Such pastries can be prepared immediately wet, or after soaking in syrup or holding over steam. The biscuit is perfect as cake layers. It remains only to choose any cream to taste, grease each cake and collect the cake. Instead of a cream for a layer of such a biscuit, a simple jam or jam is also suitable. Whatever your wet biscuit is, it will be a small homemade masterpiece.

Wet biscuit - general principles of preparation

For this type of biscuit, it is better to beat the whites separately from the yolks. Or you can whisk the whites with sugar to a cool foam, and then add the yolks one at a time. All this mass should increase in volume at least twice.

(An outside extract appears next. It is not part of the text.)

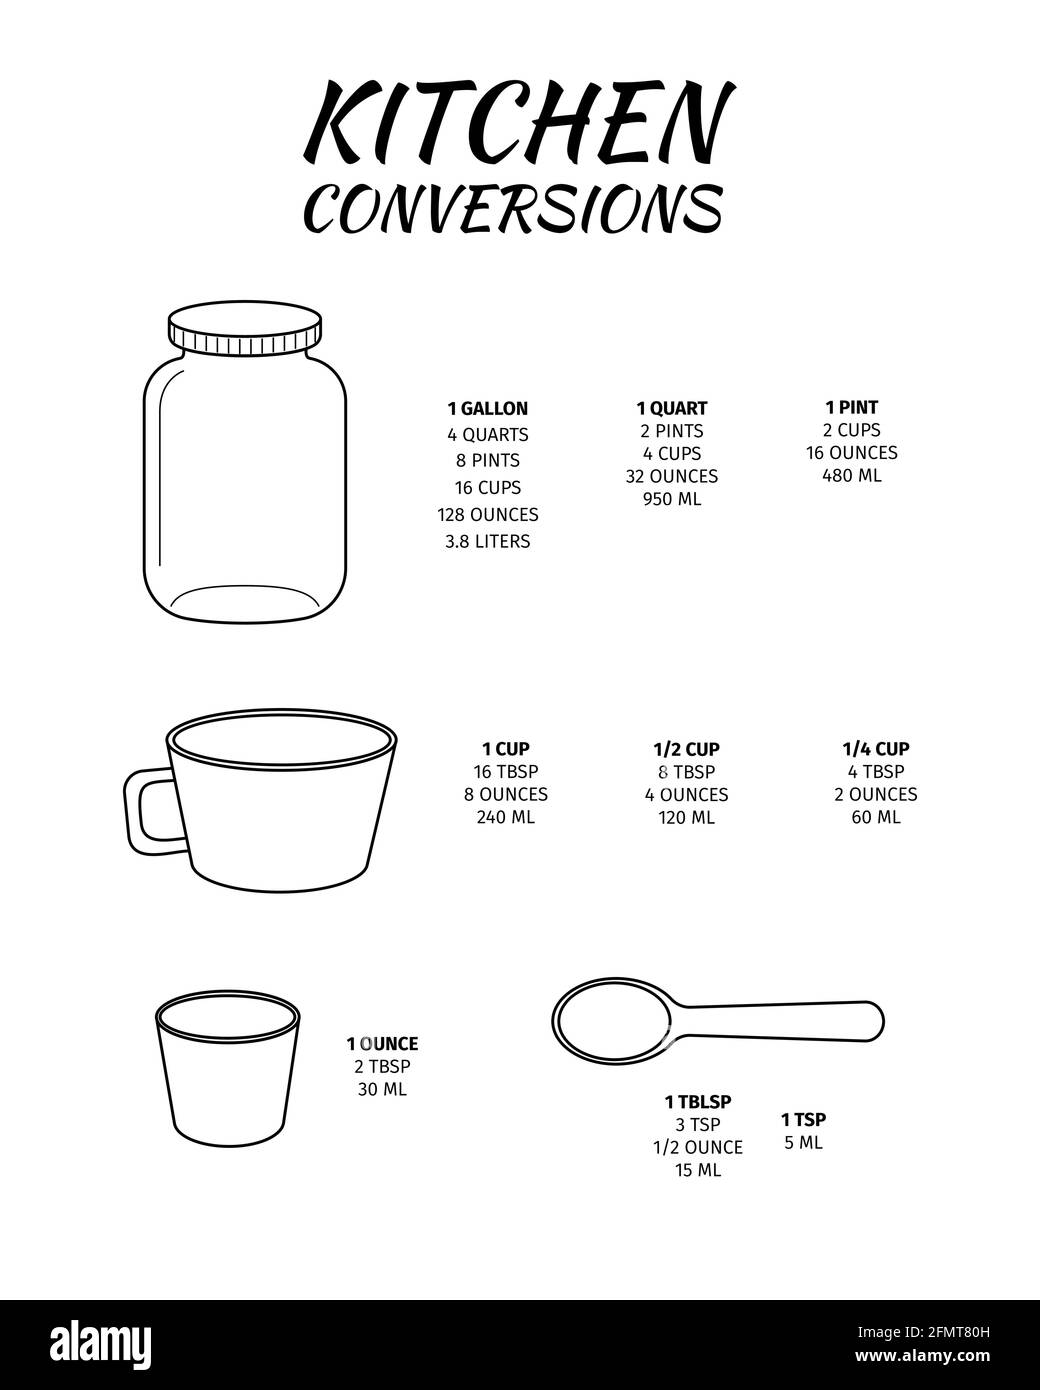 Kitchen conversions chart with jar, cup, ounce glass, spoon. Basic
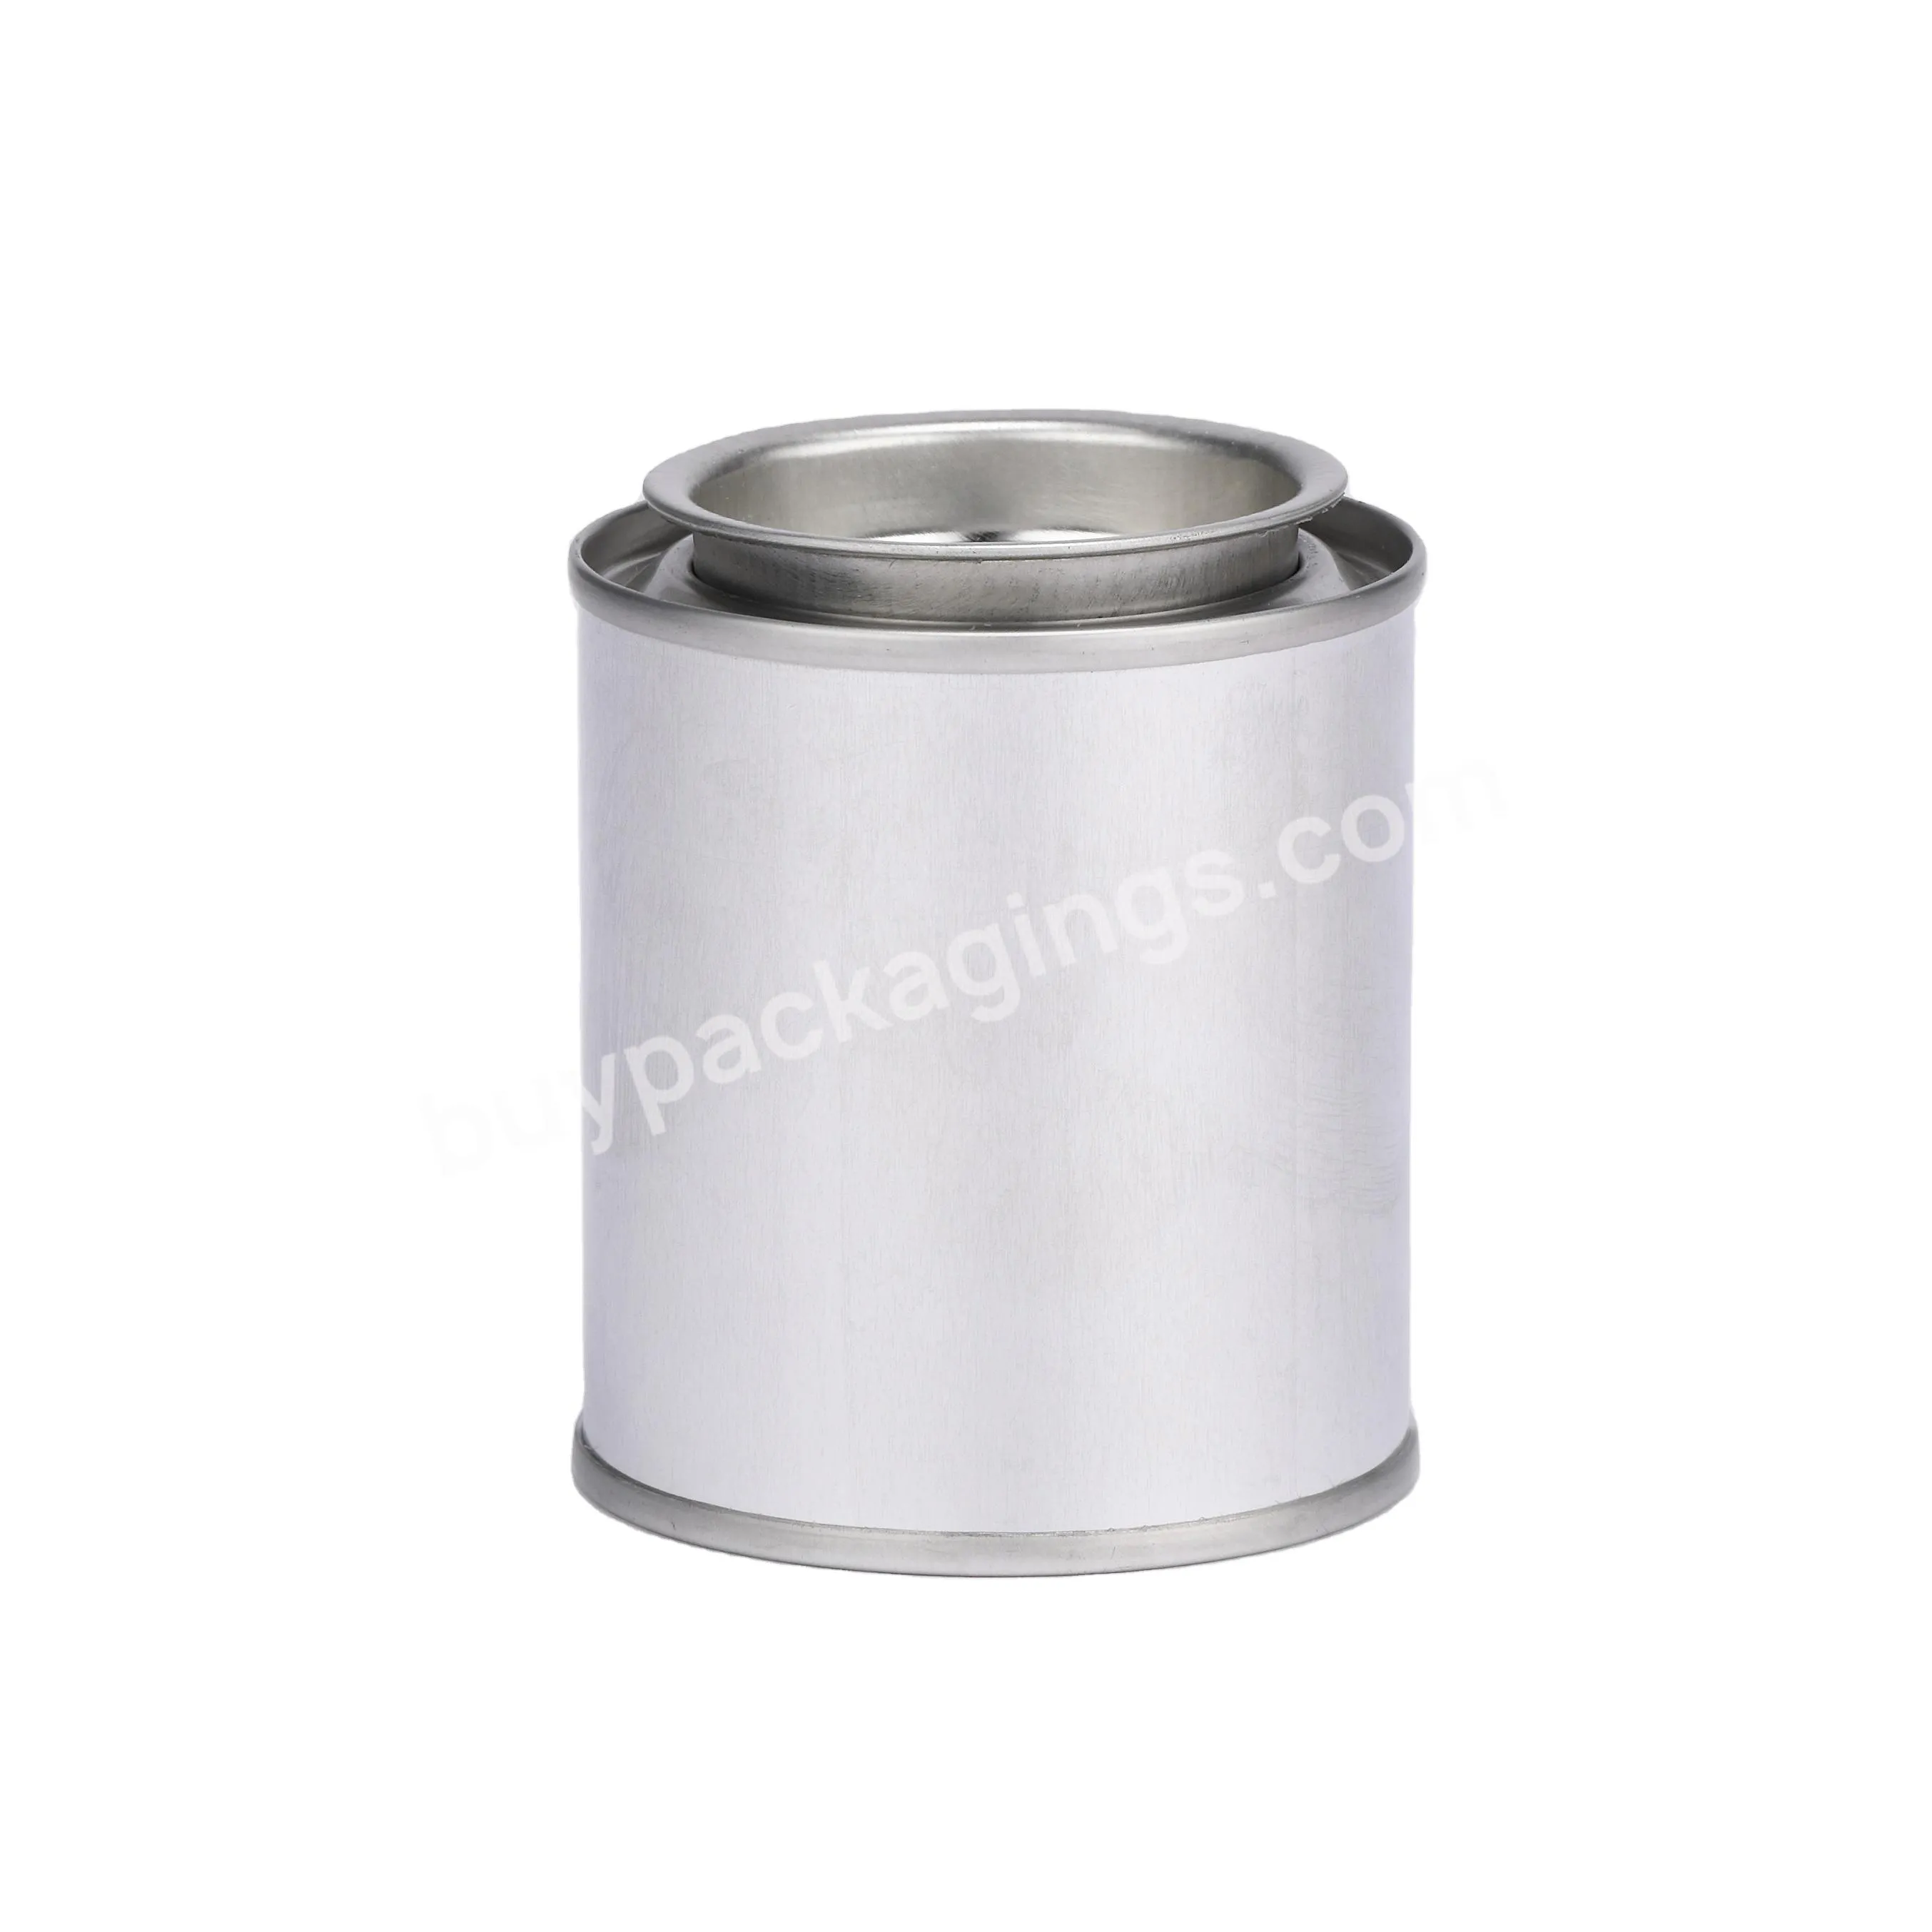 100ml Round Paint Tin Cans For Candles Packing - Buy Tin Can For Candles,Paint Tins Candle,Round Candle Tin.

To make the biscuit wet, add kefir, water, vegetable oil, butter, milk, condensed milk, liquid sour cream or fat cream to the eggs or layer. All these components should be added to the dough gradually, in small portions, so as not to disrupt the airiness of the protein.

Wet biscuit can rise poorly, so be sure to add slaked soda, baking powder or baking powder to the dough. It is better to use flour of the highest grades and it is surely sifted through a sieve.

Despite the fact that the "wet" sponge cake is juicy in itself, after smearing the cake with cream and assembling the cake, it needs to be removed in the cold to soak for at least an hour.

Wet sponge cake with cream and cream

Ingredients:

• one and a half glasses of granulated sugar;

• 50 g of powdered sugar;

• 7 ml freshly squeezed lemon juice;

• 50 g of high grade wheat flour;

• 40 g of potato starch;

• four raw chicken eggs;

• 300 g cream of 33% fat content;

• 200 g sour cream;

• a bag of vanillin.

Cooking Method:

1. We wash the chicken eggs in cold water, pour the proteins and yolks into different bowls. Add the powdered sugar and lemon juice to the proteins. Beat the whisk with a whisk of a blender, first at low speeds, then at high. After whipping, the proteins will be larger than originally.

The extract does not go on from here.